▸ **Source data**:
· · · · · · ·
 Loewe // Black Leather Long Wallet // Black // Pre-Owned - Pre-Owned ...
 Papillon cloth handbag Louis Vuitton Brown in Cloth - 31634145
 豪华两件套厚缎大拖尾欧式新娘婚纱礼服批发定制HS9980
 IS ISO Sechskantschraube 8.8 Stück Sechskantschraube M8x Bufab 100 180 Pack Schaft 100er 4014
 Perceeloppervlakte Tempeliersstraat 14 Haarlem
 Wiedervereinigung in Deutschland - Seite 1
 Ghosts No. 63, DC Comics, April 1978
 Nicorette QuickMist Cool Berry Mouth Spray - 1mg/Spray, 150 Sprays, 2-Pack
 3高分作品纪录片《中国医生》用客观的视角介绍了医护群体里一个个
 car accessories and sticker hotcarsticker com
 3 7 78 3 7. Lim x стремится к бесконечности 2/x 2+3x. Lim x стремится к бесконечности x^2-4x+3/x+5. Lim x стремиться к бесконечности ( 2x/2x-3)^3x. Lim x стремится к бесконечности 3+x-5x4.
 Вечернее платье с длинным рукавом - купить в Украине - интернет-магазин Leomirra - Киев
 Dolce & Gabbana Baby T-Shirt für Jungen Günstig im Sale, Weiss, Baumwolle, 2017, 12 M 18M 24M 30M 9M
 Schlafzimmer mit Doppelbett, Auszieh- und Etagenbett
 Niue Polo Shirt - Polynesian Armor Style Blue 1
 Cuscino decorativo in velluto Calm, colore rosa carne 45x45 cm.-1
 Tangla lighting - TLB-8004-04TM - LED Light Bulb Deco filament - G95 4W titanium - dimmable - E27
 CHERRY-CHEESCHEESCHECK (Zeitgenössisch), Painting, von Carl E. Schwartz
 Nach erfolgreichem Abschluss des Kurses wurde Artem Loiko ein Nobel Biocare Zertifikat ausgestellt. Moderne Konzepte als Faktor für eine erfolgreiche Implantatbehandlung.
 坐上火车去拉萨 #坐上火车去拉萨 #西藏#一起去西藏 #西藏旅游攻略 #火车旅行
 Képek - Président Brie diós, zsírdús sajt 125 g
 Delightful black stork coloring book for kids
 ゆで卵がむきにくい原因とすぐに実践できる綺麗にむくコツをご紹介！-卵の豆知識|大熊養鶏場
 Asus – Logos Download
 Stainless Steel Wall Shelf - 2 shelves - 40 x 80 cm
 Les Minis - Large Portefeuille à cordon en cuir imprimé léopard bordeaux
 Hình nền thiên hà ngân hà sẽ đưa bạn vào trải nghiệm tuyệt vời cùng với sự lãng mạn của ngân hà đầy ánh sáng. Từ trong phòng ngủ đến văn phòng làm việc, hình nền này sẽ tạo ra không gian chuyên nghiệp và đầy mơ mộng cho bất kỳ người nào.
· · · · · · ·
▸ **TASK DETAILS**:
Transcribe, word for word, the data above from its first line through the line with "Dolce & Gabbana", and include nothing else.

▸ **EXERCISE SOLUTION**:
 Loewe // Black Leather Long Wallet // Black // Pre-Owned - Pre-Owned ...
 Papillon cloth handbag Louis Vuitton Brown in Cloth - 31634145
 豪华两件套厚缎大拖尾欧式新娘婚纱礼服批发定制HS9980
 IS ISO Sechskantschraube 8.8 Stück Sechskantschraube M8x Bufab 100 180 Pack Schaft 100er 4014
 Perceeloppervlakte Tempeliersstraat 14 Haarlem
 Wiedervereinigung in Deutschland - Seite 1
 Ghosts No. 63, DC Comics, April 1978
 Nicorette QuickMist Cool Berry Mouth Spray - 1mg/Spray, 150 Sprays, 2-Pack
 3高分作品纪录片《中国医生》用客观的视角介绍了医护群体里一个个
 car accessories and sticker hotcarsticker com
 3 7 78 3 7. Lim x стремится к бесконечности 2/x 2+3x. Lim x стремится к бесконечности x^2-4x+3/x+5. Lim x стремиться к бесконечности ( 2x/2x-3)^3x. Lim x стремится к бесконечности 3+x-5x4.
 Вечернее платье с длинным рукавом - купить в Украине - интернет-магазин Leomirra - Киев
 Dolce & Gabbana Baby T-Shirt für Jungen Günstig im Sale, Weiss, Baumwolle, 2017, 12 M 18M 24M 30M 9M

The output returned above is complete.